We cannot be 100 % motivated all the time. That’s just how it is. Sometimes when I share my experiment about going 100 % sugar free for 8 months, people start talking about willpower and motivation.
I don’t know about willpower but I know for sure that I wasn’t 100 % motivated for 8 months straight. I don’t think that’s even possible. And it made me think about a tendency I see a lot: Whenever things get a bit rough, we change course immediately. Yikes! Discomfort! Let’s hurry up and do things differently!
But we’re not meant to avoid discomfort at all cost! Discomfort is part of life and it’s part of the process.
Here’s what I do when motivation fails me:
✔ I stay in my marriage even when I find that married life is tough and drowning in every day practicalities and hubby and I are both too busy doing our own things rather than spending time together. I stay because that’s the promise I gave to him those 12-13 years ago.
✔ I keep doing my job even when motivation fails me or I feel like I’m losing focus or sight of the end goal. I keep doing it because it’s my job. It’s how I make a living.
✔ I keep hugging my kids and tell them I love them even when every bit of me wants to pack a bag and travel to a far away country (by myself). I do this because I’m their mum.
✔ I stay on course with the lifestyle I know suits me the best even when my stomach gives me trouble and my pants are too tight.
✔ I keep my diet within “reasonable limits” which in my case means gluten free and close to sugar free, even when I find that it to be difficult and restrictive. I do it because I chose to feel good.
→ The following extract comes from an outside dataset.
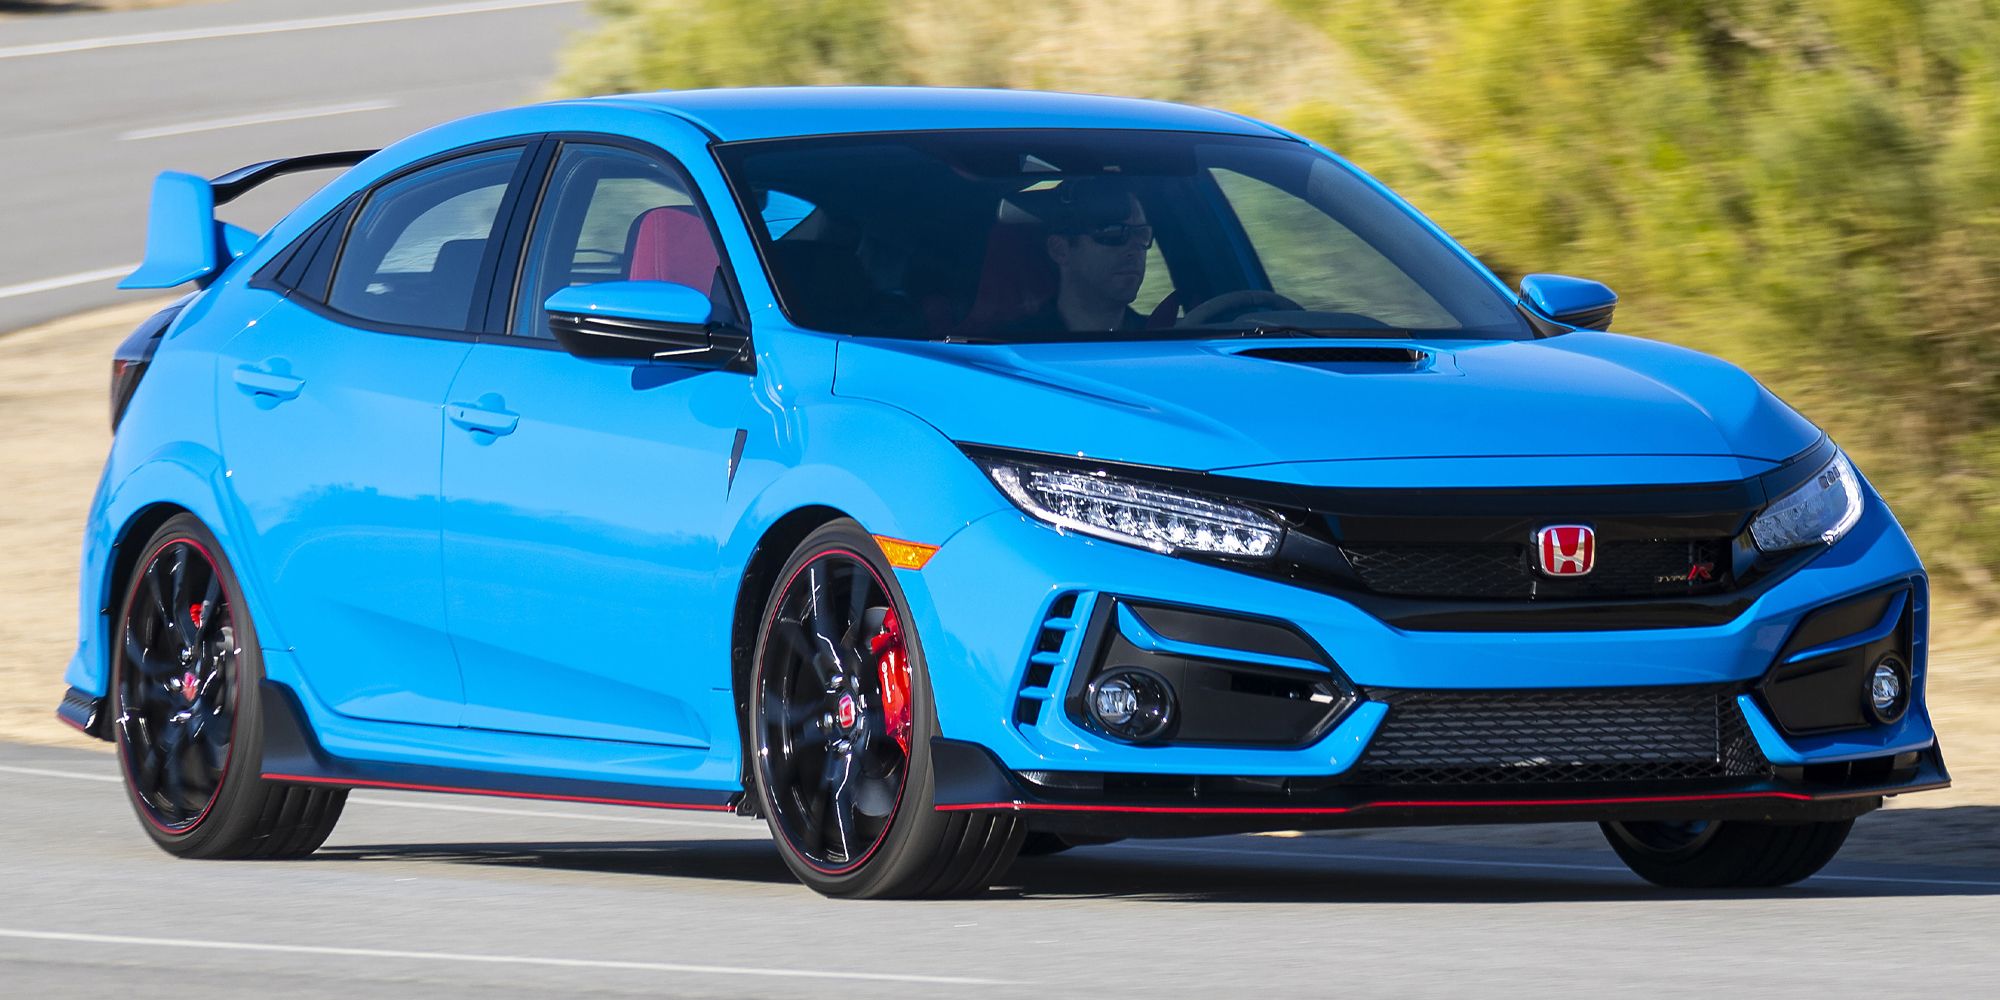 A blue FK8 Type R on the move

Everything in life goes up and down. If we expect everything to be 100 % perfect or easy all the time, we find ourselves jumping from relationship to relationship, from job to job, from diet to diet…
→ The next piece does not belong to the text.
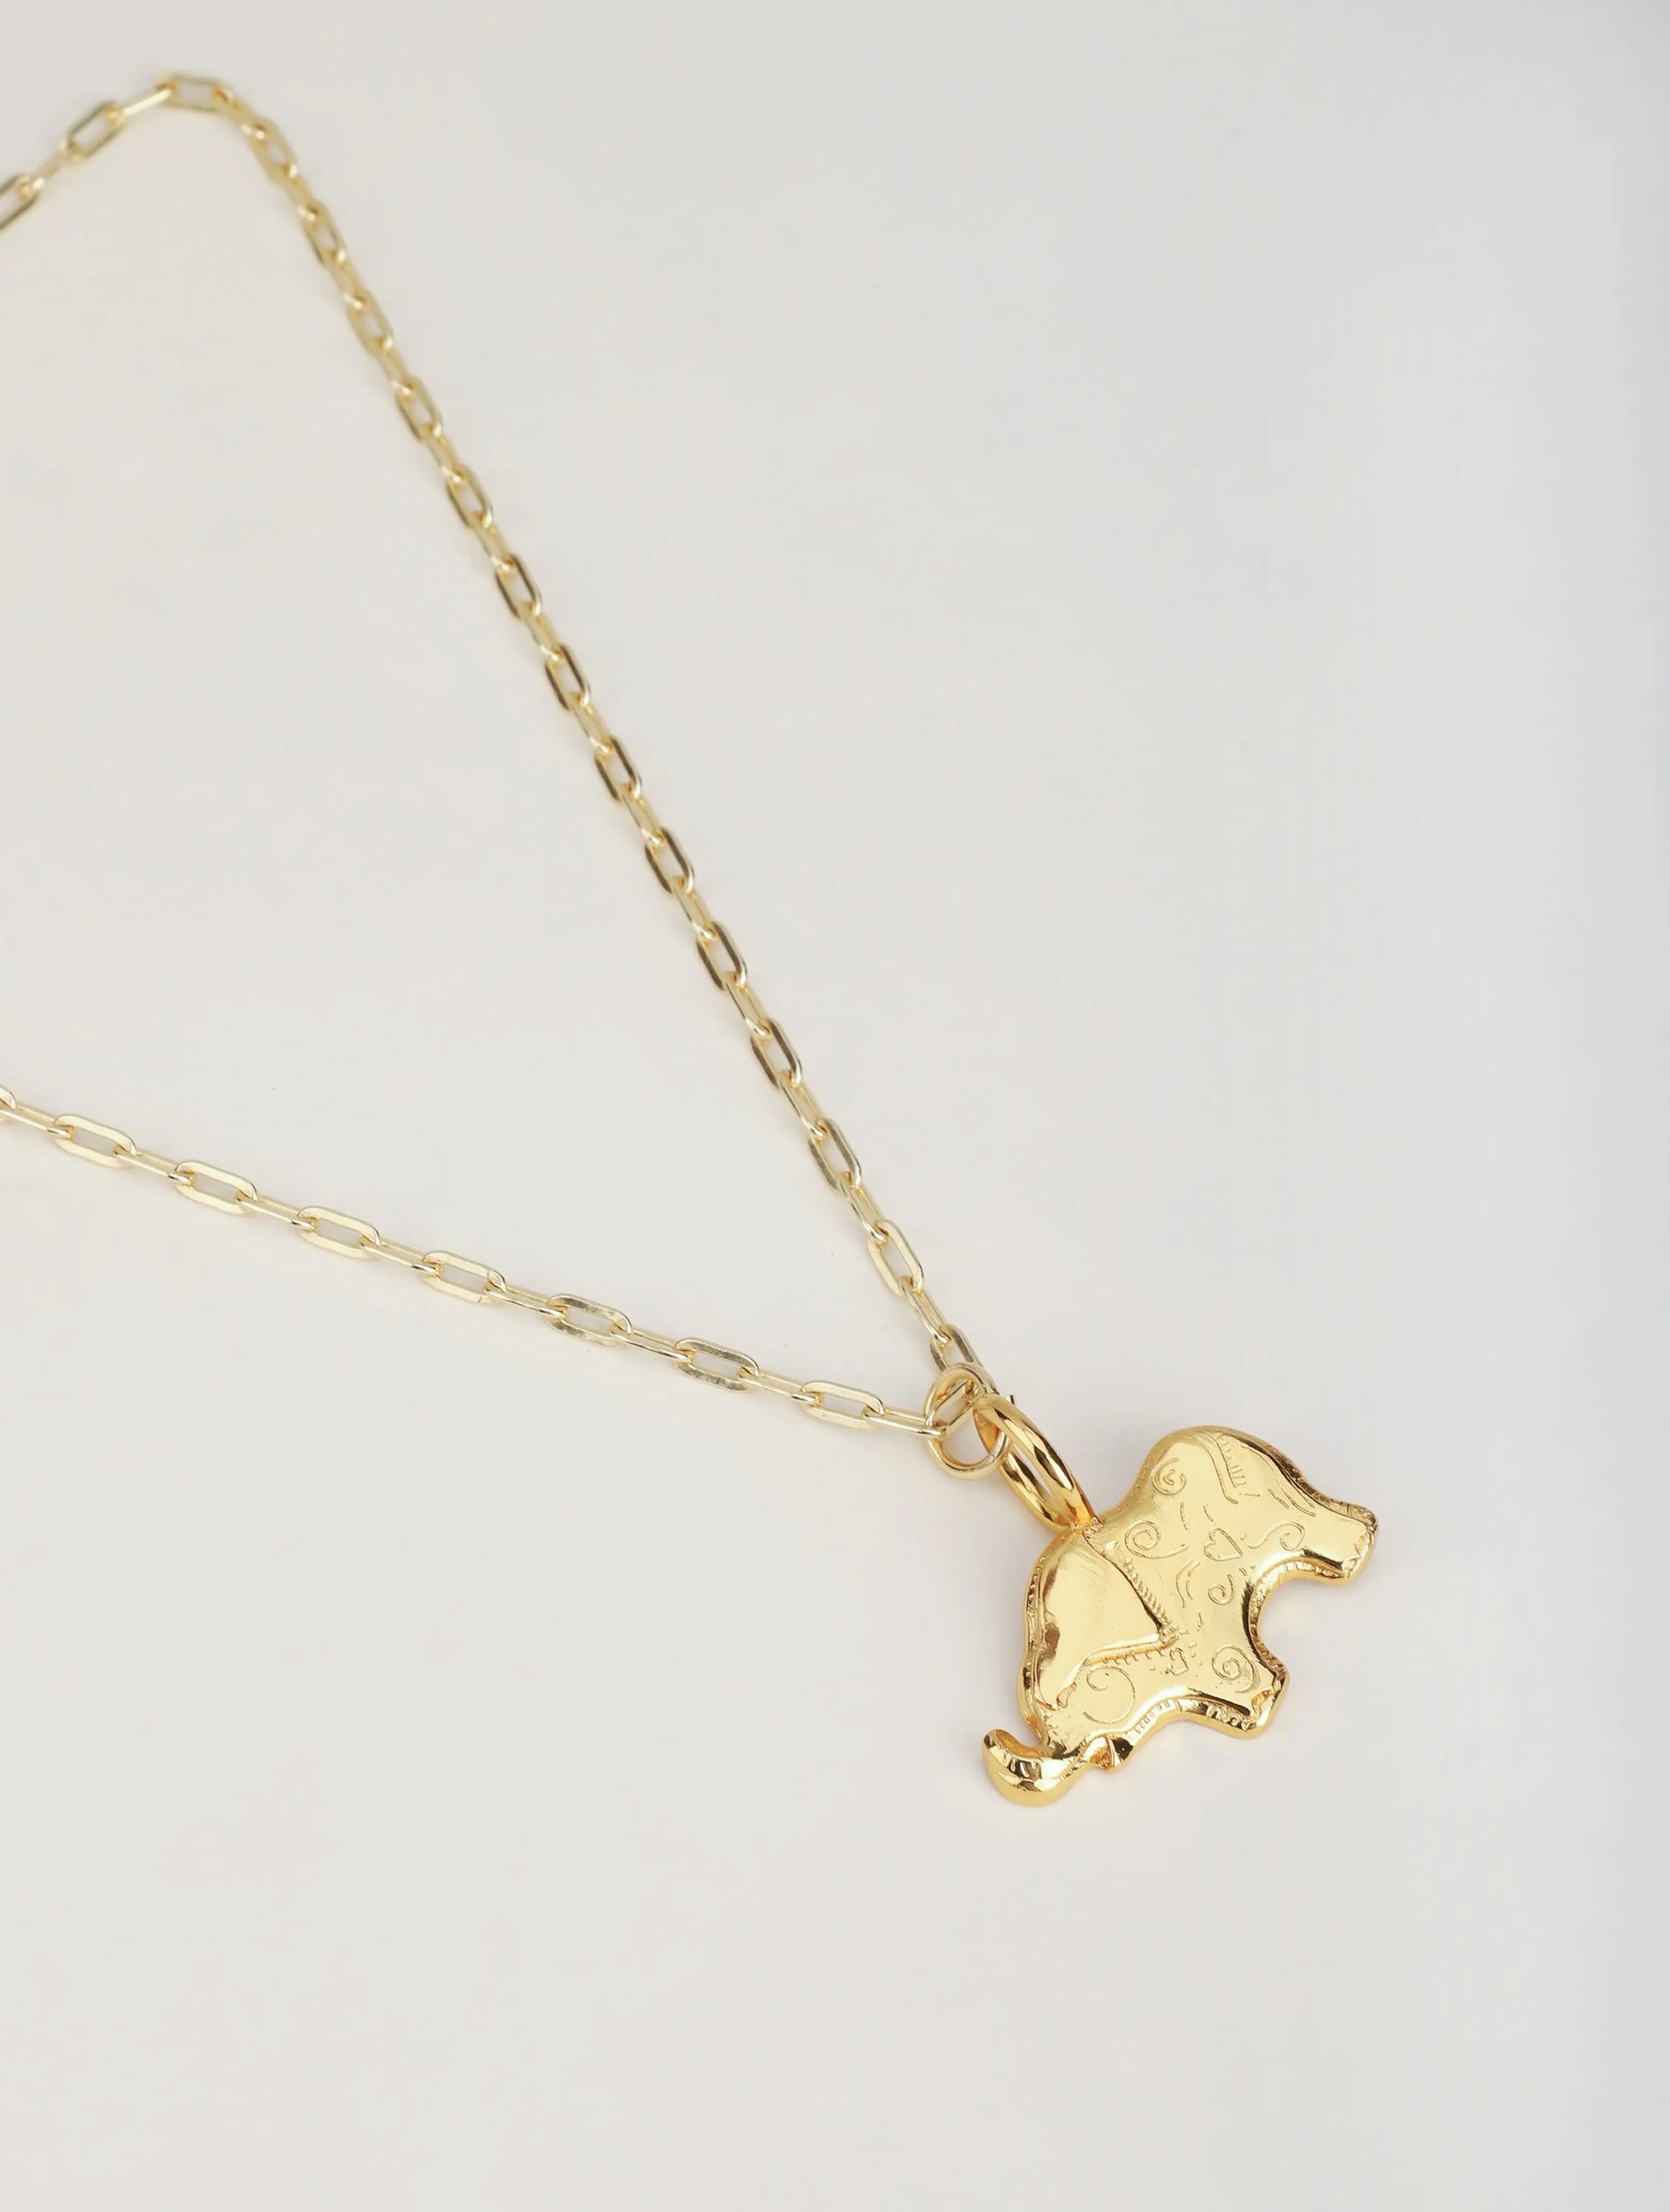 Elephant Charm Necklace Cackle With Love

After rain comes the sun and after sun comes the rain. Maybe your husband or your job annoys the shit out of you today or this week or maybe even these months, but suddenly, one day, you find that things have changed. You start seeing your husband or job in a different light and praise yourself lucky that you didn’t leave when things got tough.
But if you give up the first time you encounter resistance, you’ll never know what it can bring you to stay committed to something in the long run.
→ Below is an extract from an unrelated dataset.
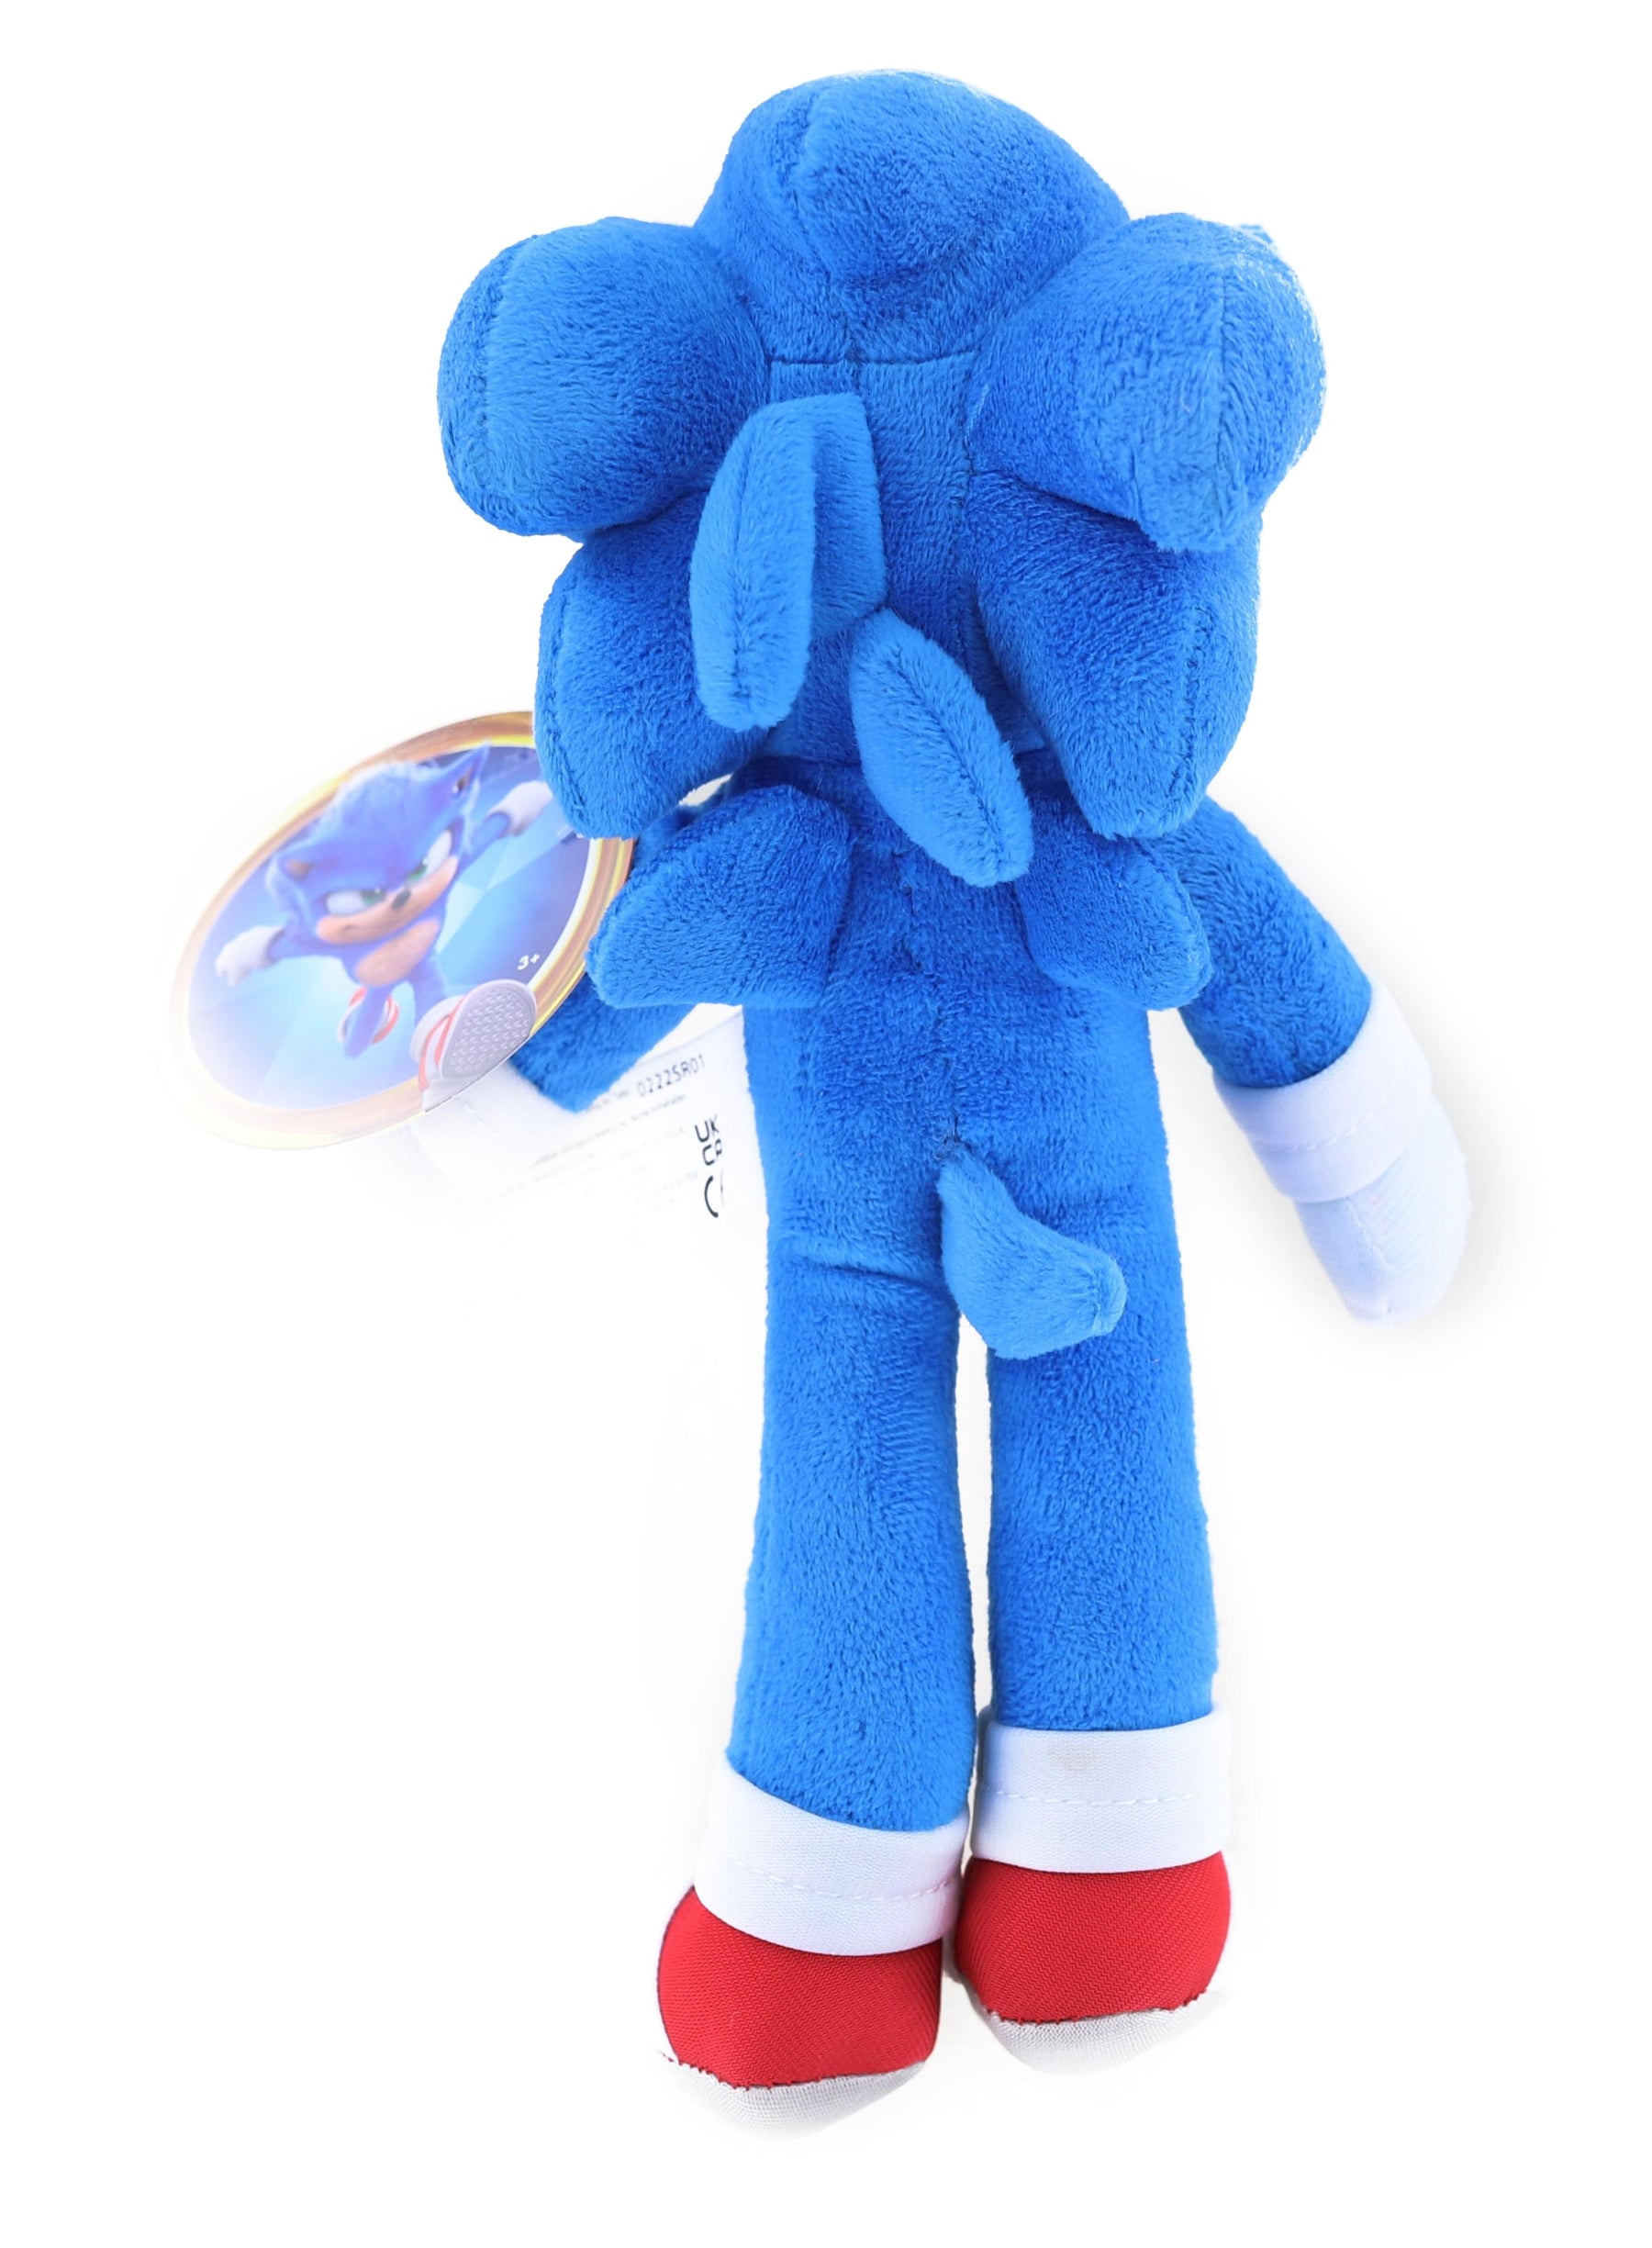  Sonic The Hedgehog 2 9-Inch Plush Collectible Toy 3

Take for instance people who manage to lose a lot of weight! Losing lots of weight takes many months, sometimes years, and the reason why they succeed isn’t that they have more motivation or willpower than the rest of us. The reason they succeed is that they don’t quit when things get tough and they don’t panic or change the course every time they find themselves doubting the process.
Both life and marriage and your diet can do with some adjustments from time to time but starting all over is rarely necessary.
So what do I do when motivation fails me? This is what I do: I accept that things aren’t 100 % perfect right now and I keep going believing that things will change to the better again.
How about you? What do you do when motivation fails you? Please share!